Answer: The general solution is
y = A e^{-x} + B e^{-4x} - 1.40\sin(3x) - 0.20\cos(3x).
For large positive \(x\), the exponential terms tend to \(0\), so
\(y \approx -1.40\sin(3x) - 0.20\cos(3x)\).
This can be written in the form
\(y \approx R\sin(3x+\phi)\), where
\(R = 1.41\) and \(\phi = 3.28\) radians.
First solve the homogeneous equation
\(\dfrac{d^2y}{dx^2}+5\dfrac{dy}{dx}+4y=0\).
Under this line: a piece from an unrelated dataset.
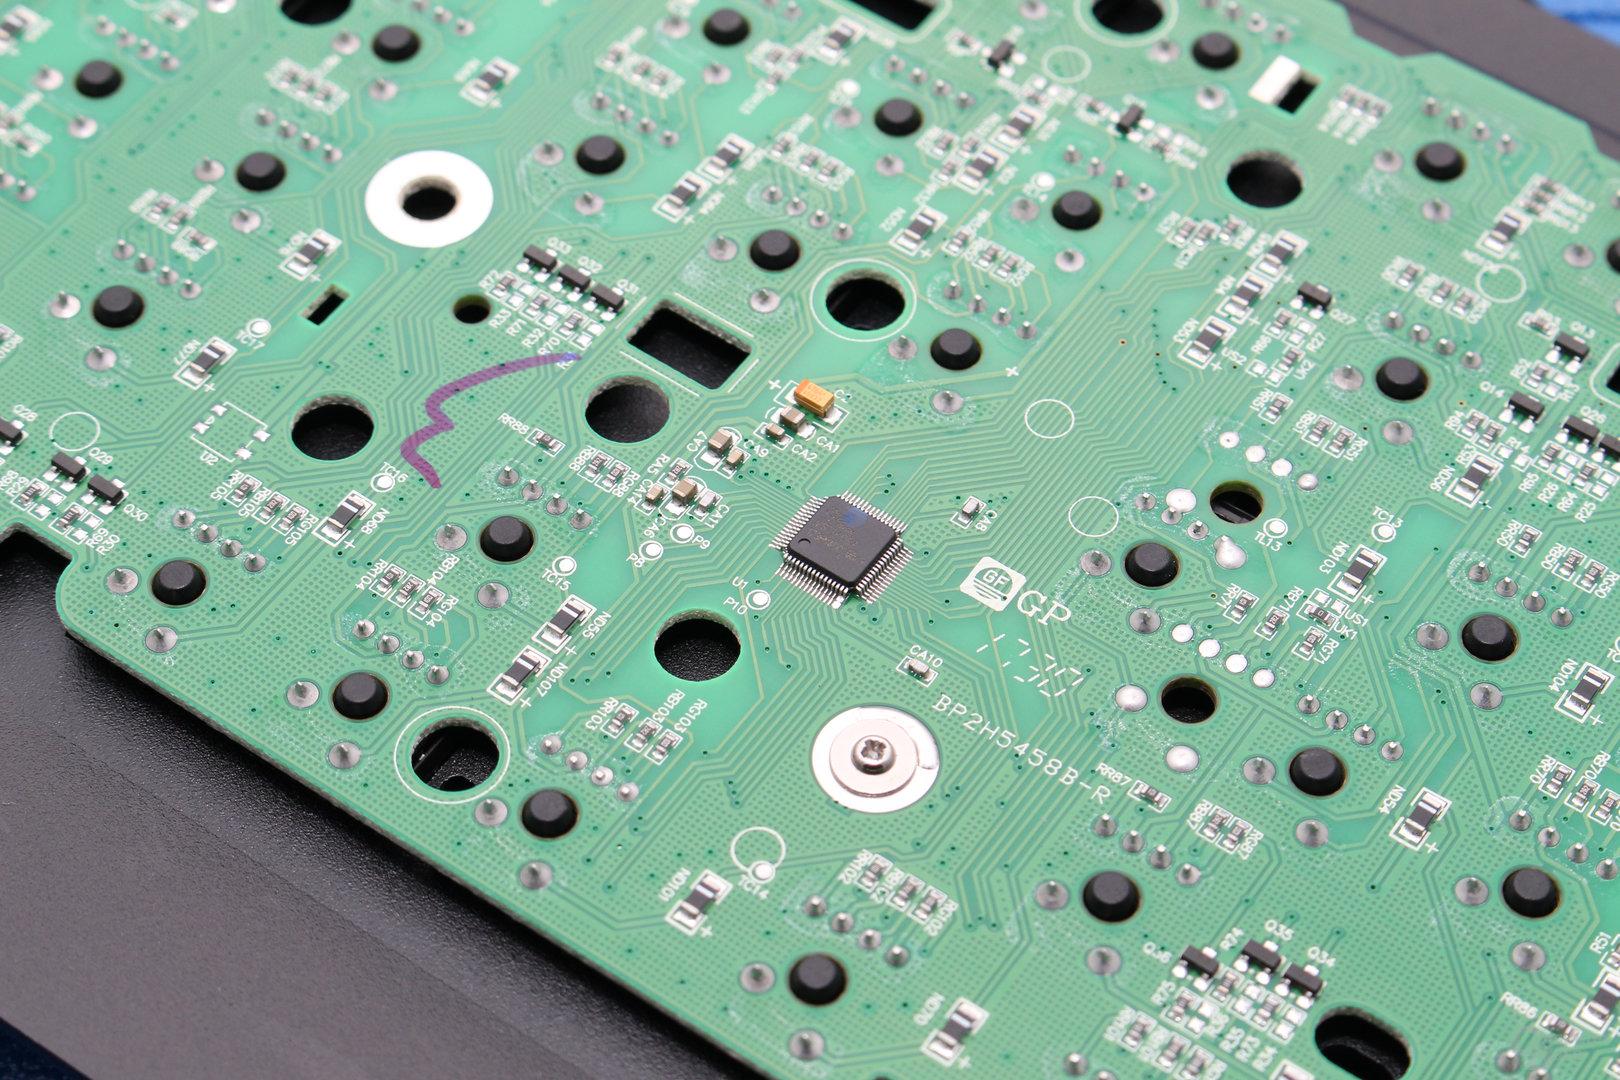 Der Mikrocontroller stammt von Vision (VS11K09A)
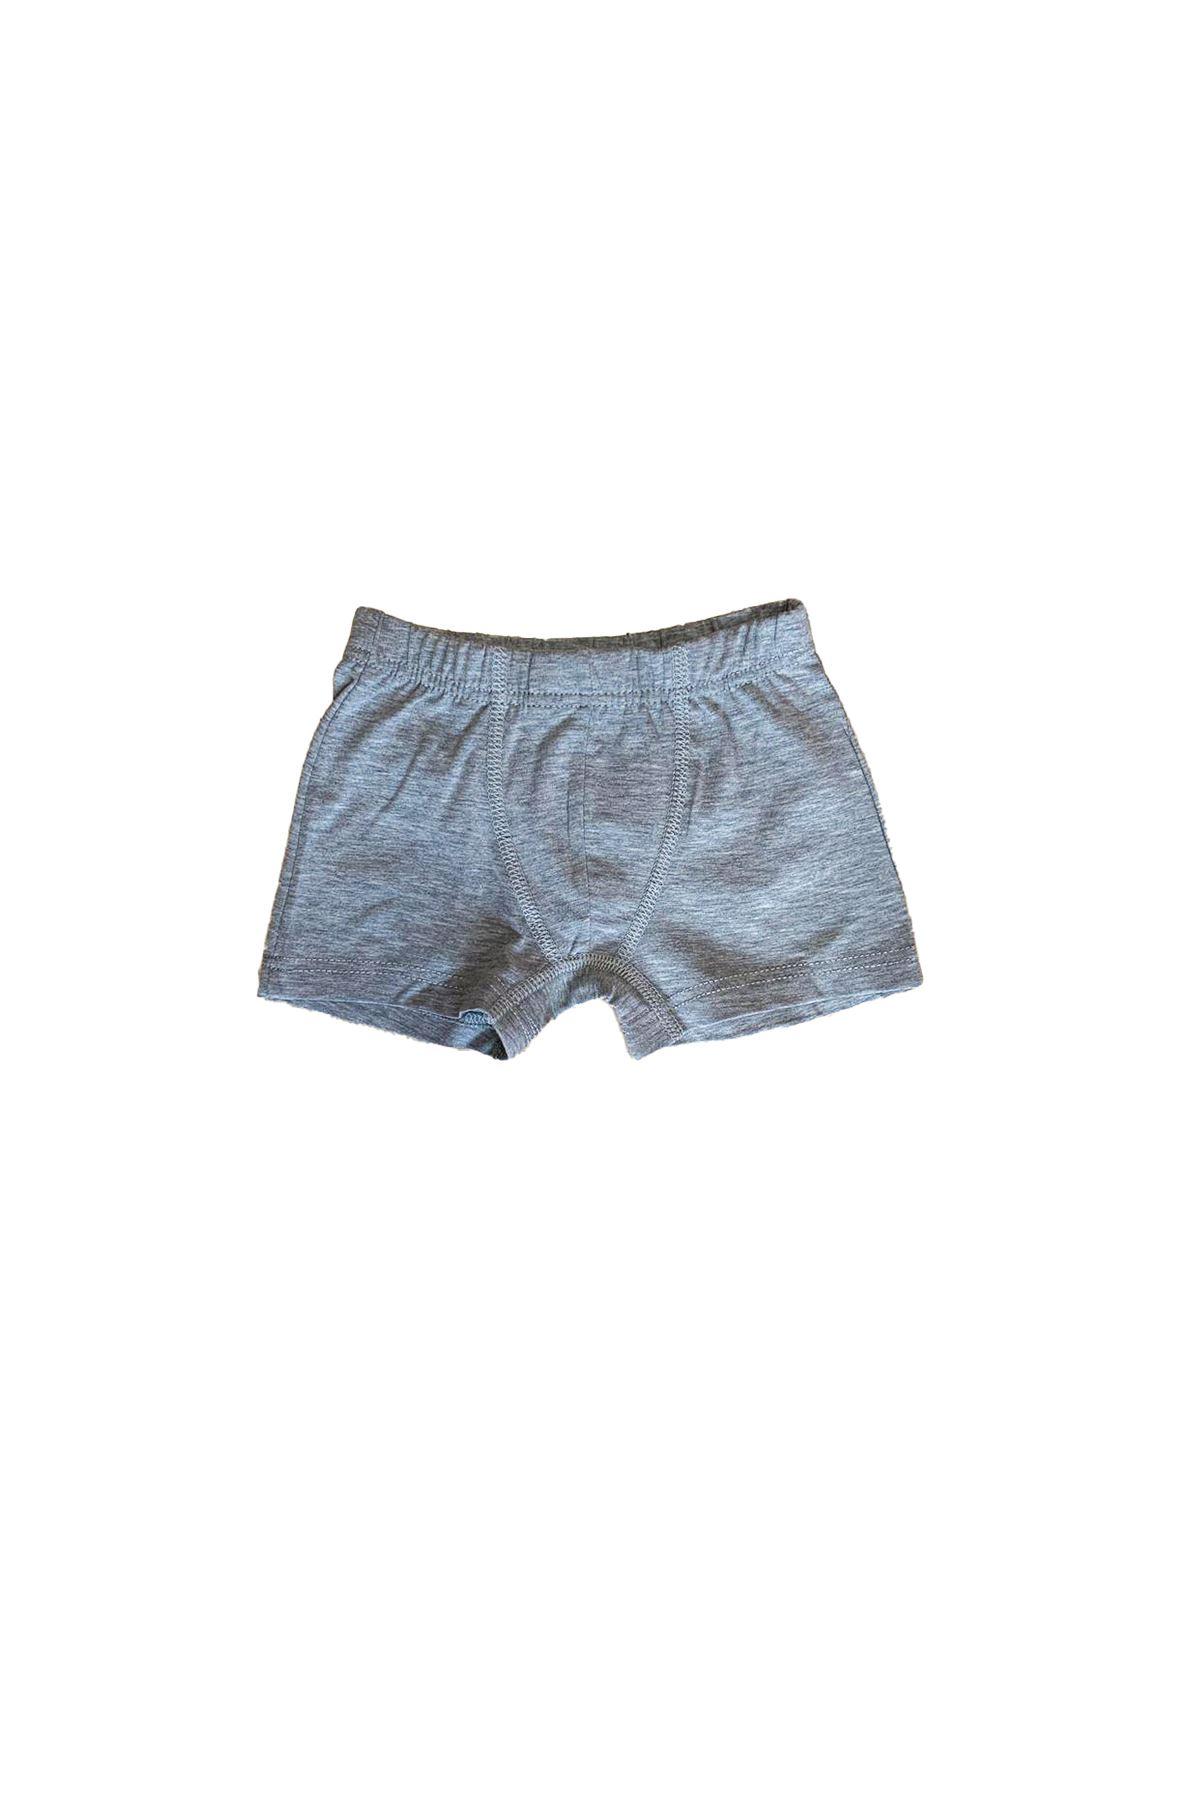 Gri Erkek Çocuk Pamuklu Boxer 209

Its auxiliary equation is \(m^2+5m+4=0\), so
\((m+1)(m+4)=0\), hence \(m=-1,-4\).
Therefore the complementary function is
\(y_c=Ae^{-x}+Be^{-4x}\).
Now look for a particular integral of the form
\(y_p=P\sin 3x+Q\cos 3x\).
Then
\(y_p' = 3P\cos 3x - 3Q\sin 3x\),
\(y_p'' = -9P\sin 3x - 9Q\cos 3x\).
Substitute into the differential equation:
\((-9P\sin 3x-9Q\cos 3x)+5(3P\cos 3x-3Q\sin 3x)+4(P\sin 3x+Q\cos 3x).\)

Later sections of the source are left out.